Friday, July 24, 2015


The Slocan Ramblers have the great, old sound of original bluegrass.  They sound like they could be straight out of the '40's.  Except, if they had been around in the '40's, these boys play so fast folks would have thought their talent came from the devil.  Heck, I'm starting to think that why myself, there's some nimble fingers flying in impossible ways here.

The Ramblers have two styles: old, and not-so-old.  But even the modern touches they add, mostly less-common chords and more current techniques, retain the antique feel.  Recorded with the players live in the studio, standing around the microphones, it's not far from the techniques available 60 years back.  Anybody attempting Woody Guthrie's Pastures of Plenty back then wouldn't have used the circular pattern mandolin player Adrian Gross picks, but singer and banjo player Frank Evans sure sounds like one of Woody's traveling companions.  When they move into a medley of Evans' tune Honey Babe halfway through, it's not just seamless, it could have been part of the original.
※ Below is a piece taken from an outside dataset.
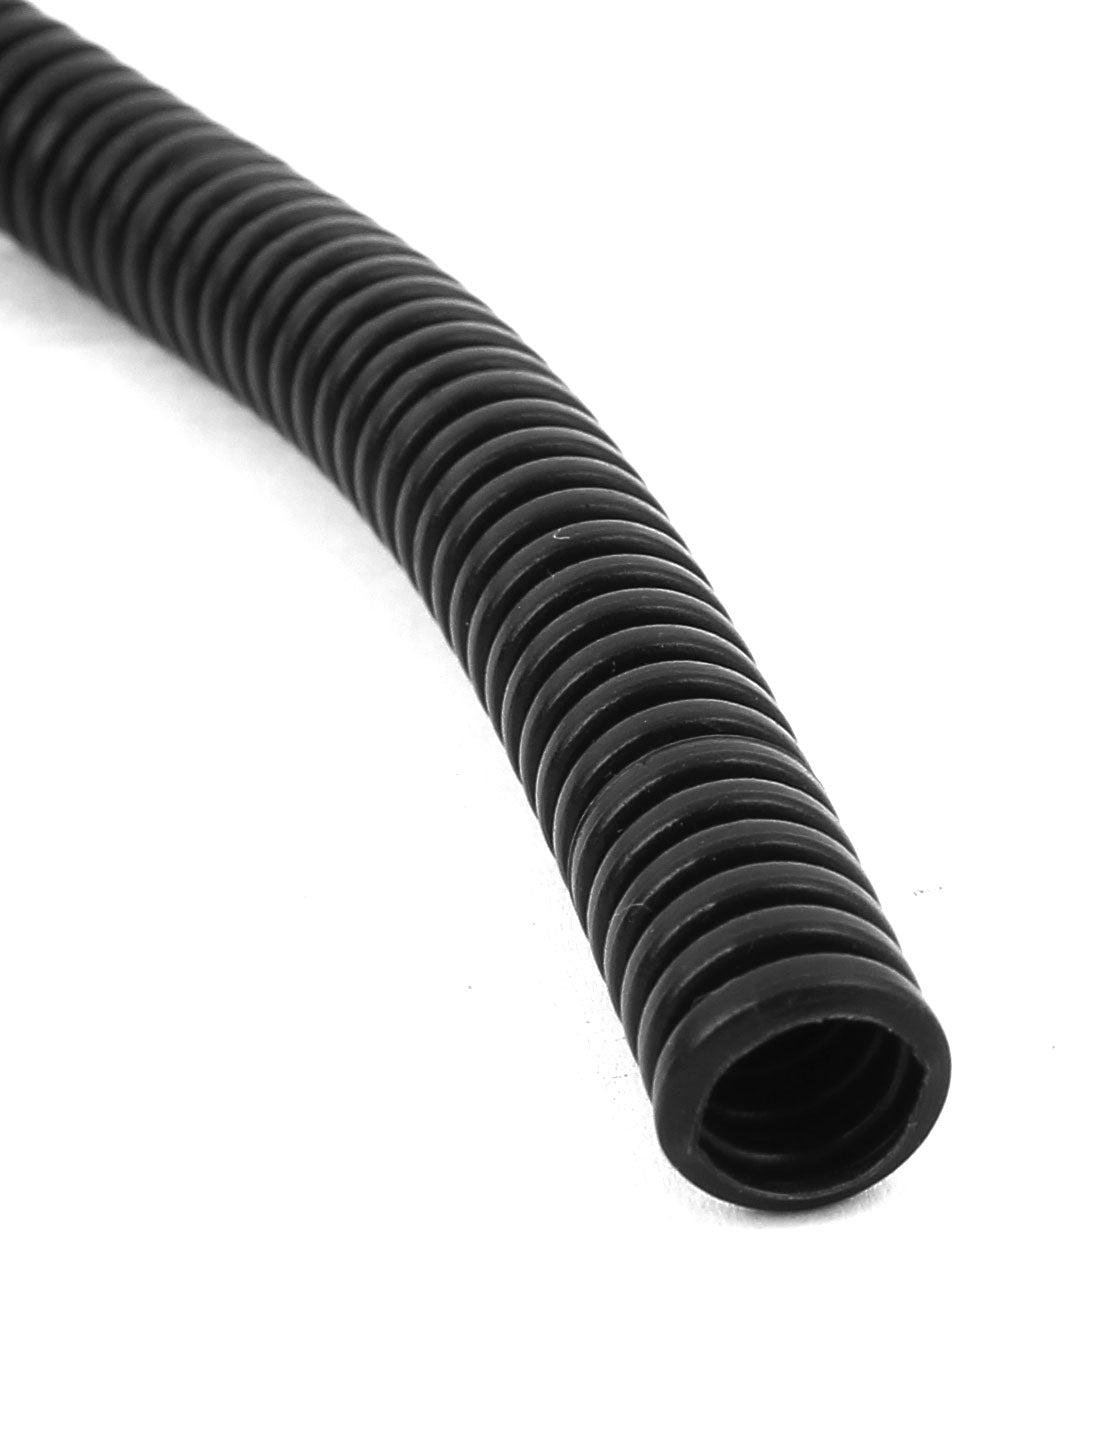 uxcell Uxcell 4.5 M 7 x 10 mm Plastic Flexible Corrugated Conduit Tube for Garden,Office Black

Toronto may not seem the most likely place to harbor such talented bluegrass players, but that's the reality.  The interplay between guitar (Darryl Poulsen), mandolin and banjo is not only packed with show-off moments, it's made up of sophisticated arrangements.  Along with bass player Alastair Whitehead, the quartet keeps the songs changing constantly, always coming up with a new break, start or ending.  About half the tracks are instrumental, all the better to hear those great moments.  This is as grand a bluegrass album as you'll hear anywhere.